** DATA BELOW follows **
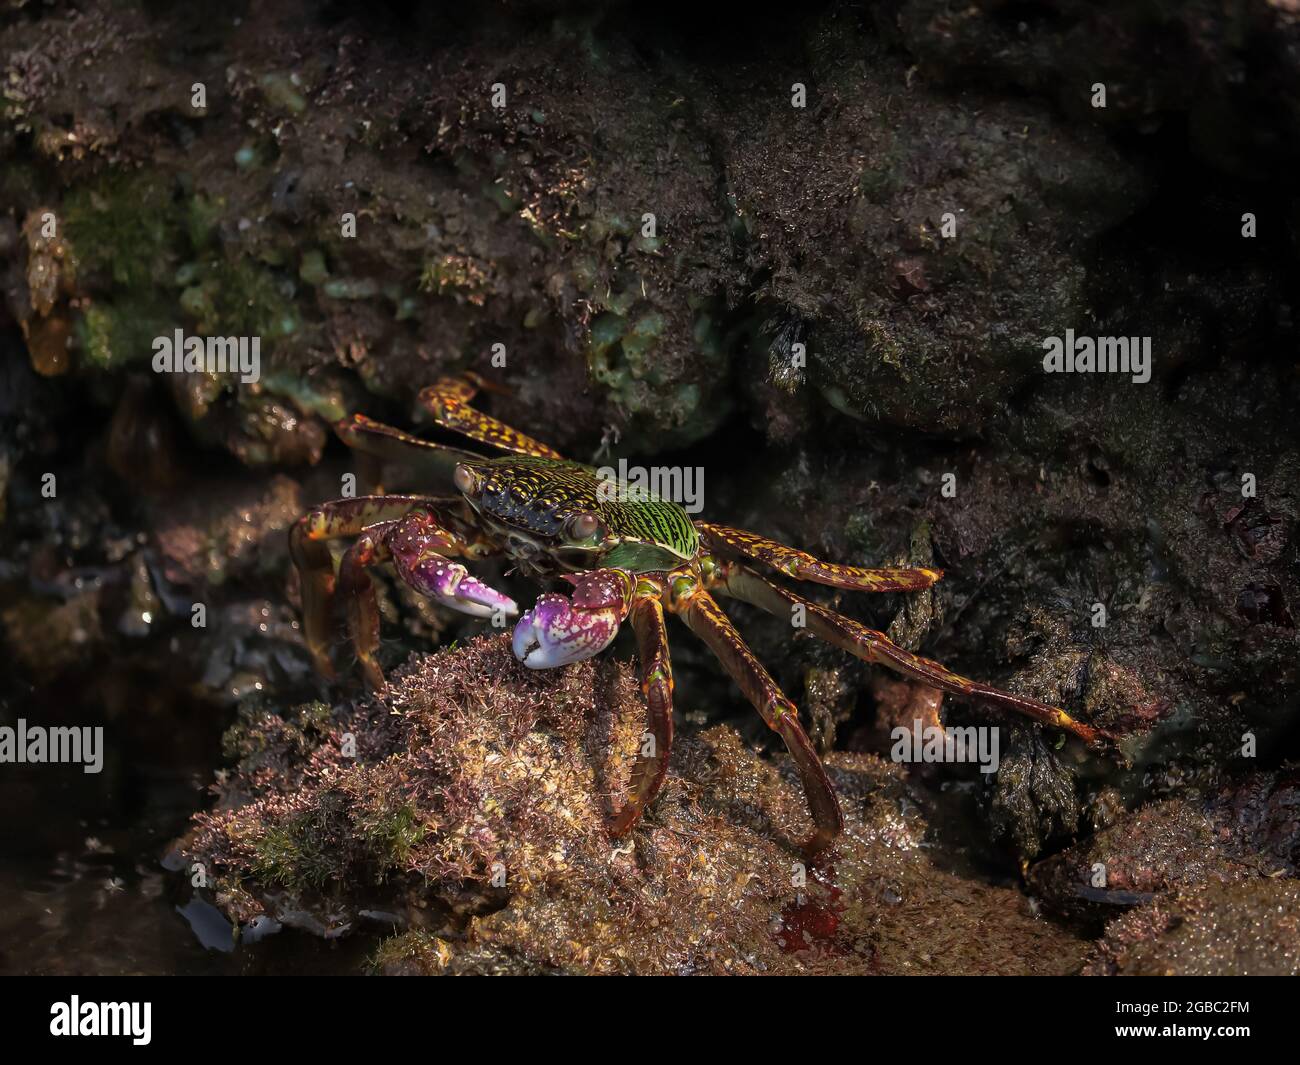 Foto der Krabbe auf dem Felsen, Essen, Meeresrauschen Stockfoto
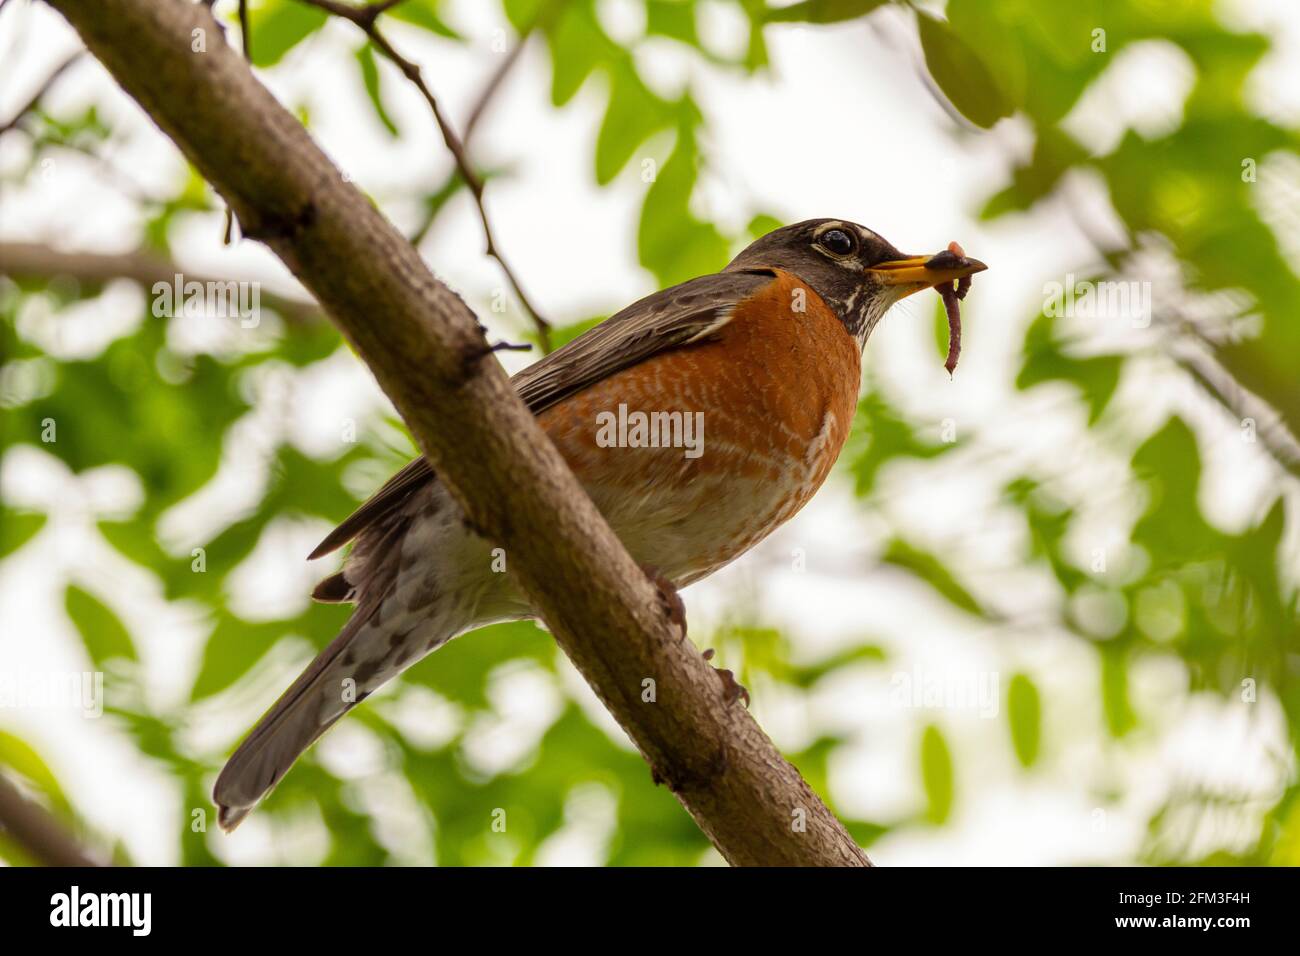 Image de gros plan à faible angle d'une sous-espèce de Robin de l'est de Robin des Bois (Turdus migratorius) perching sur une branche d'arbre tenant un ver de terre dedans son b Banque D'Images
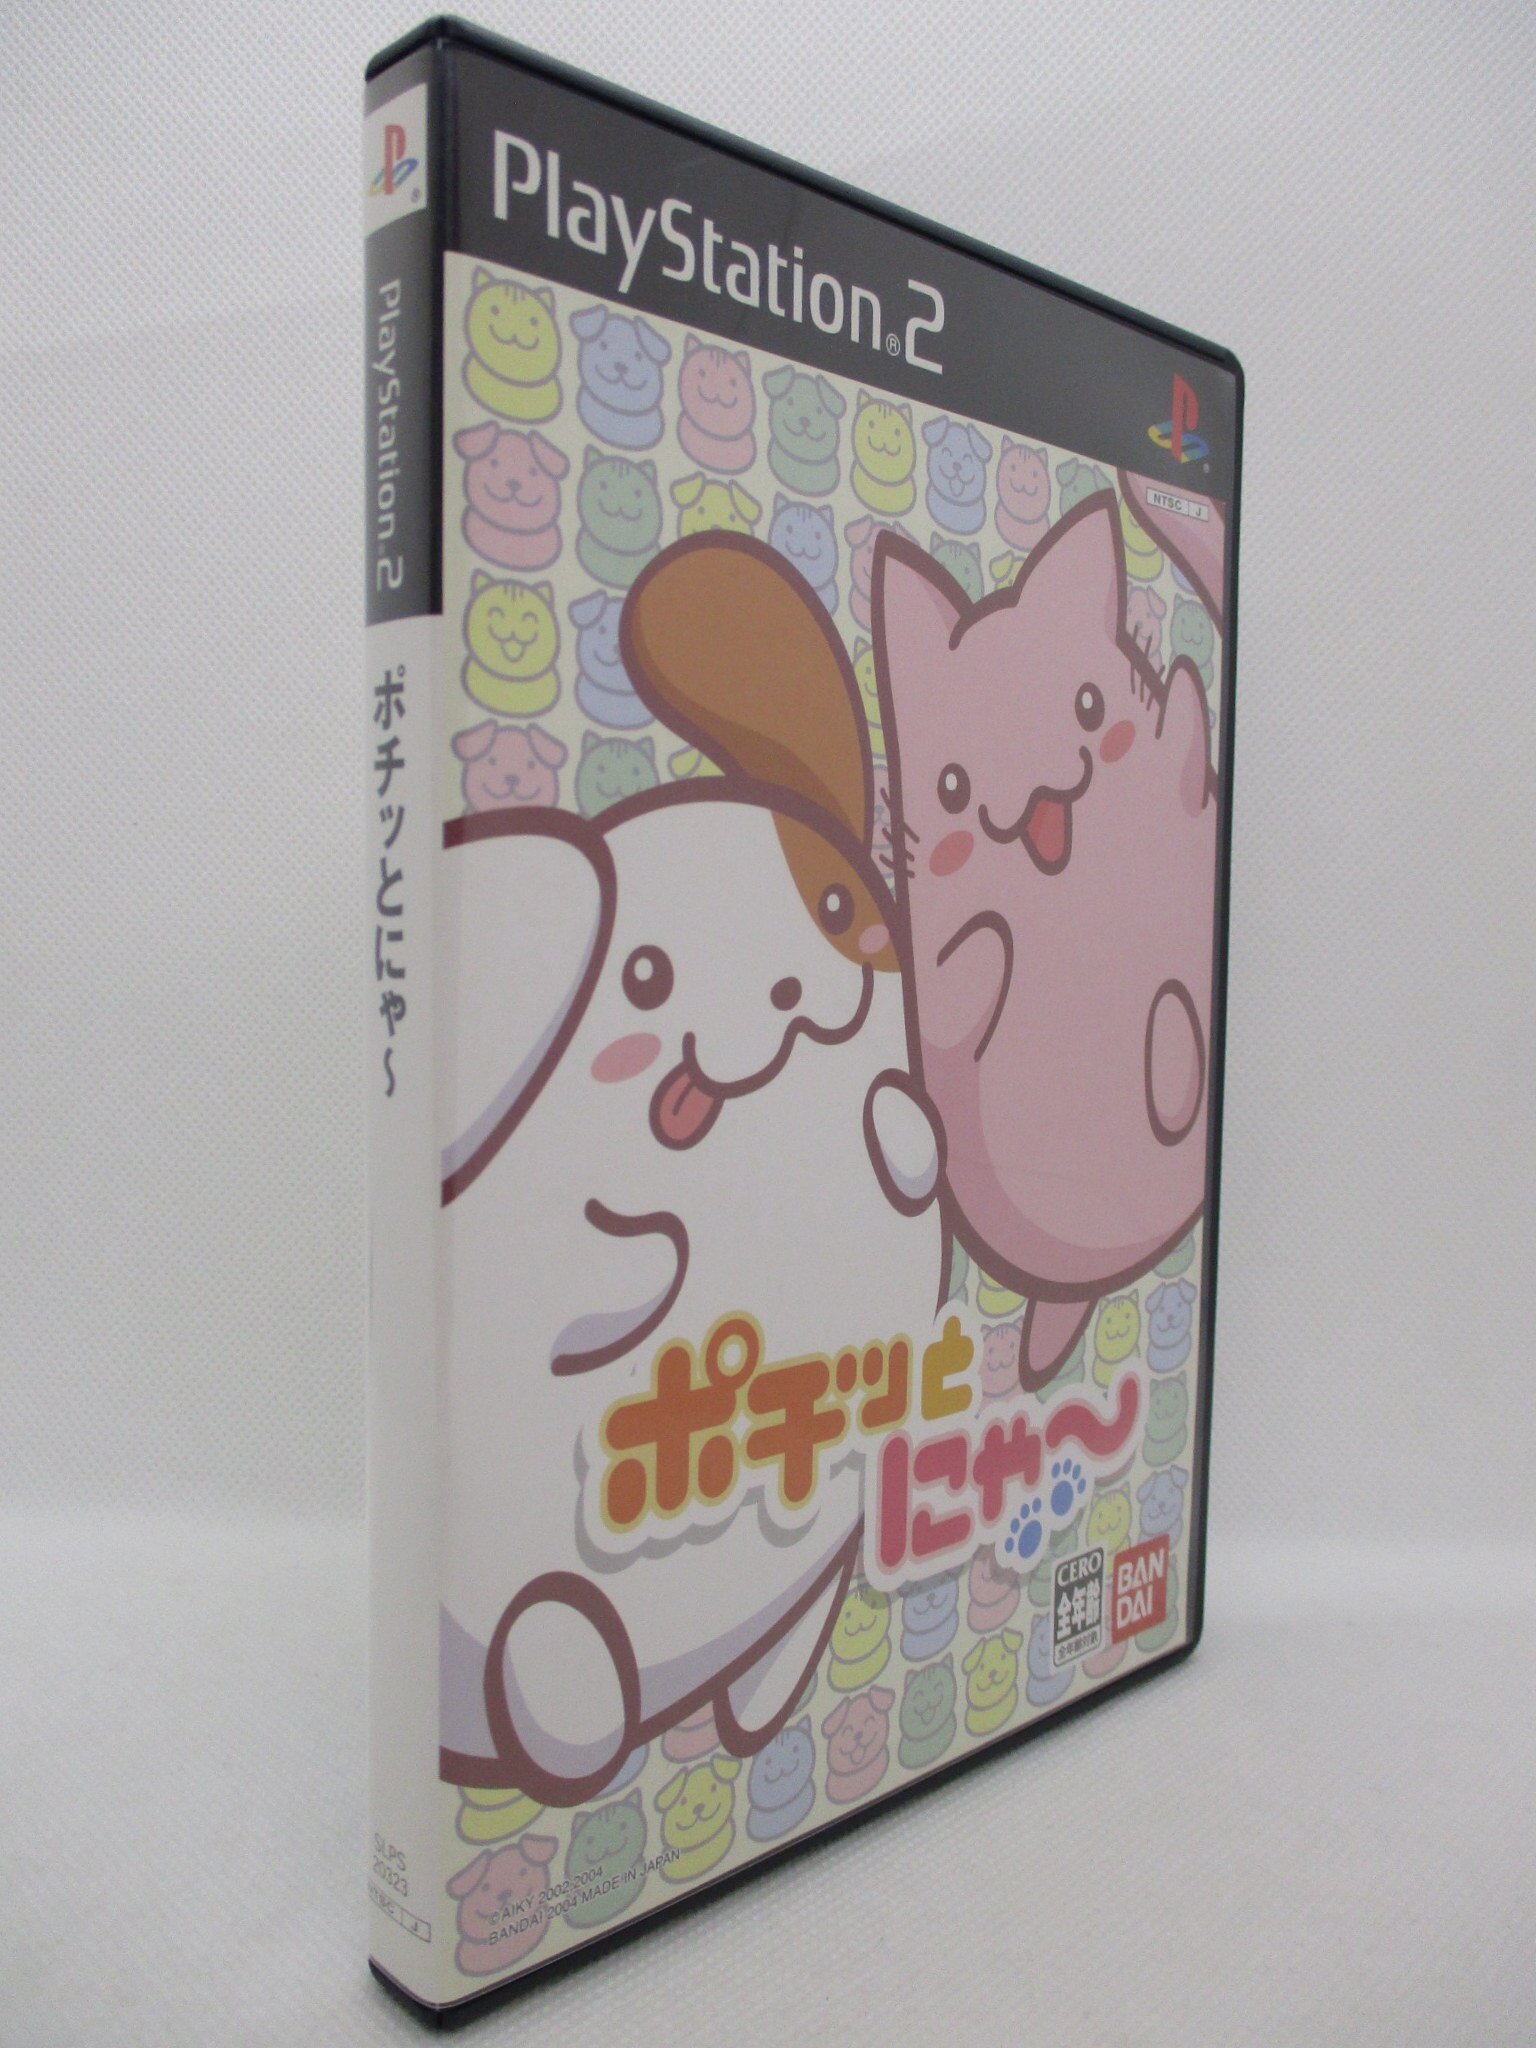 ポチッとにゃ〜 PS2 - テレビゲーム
** End of DATA BELOW **
● **EXERCISE DETAILS**
Leave the images out and give the rest of the data again exactly.

● **EXERCISE RESULT**
 Foto der Krabbe auf dem Felsen, Essen, Meeresrauschen Stockfoto
 Image de gros plan à faible angle d'une sous-espèce de Robin de l'est de Robin des Bois (Turdus migratorius) perching sur une branche d'arbre tenant un ver de terre dedans son b Banque D'Images
 ポチッとにゃ〜 PS2 - テレビゲーム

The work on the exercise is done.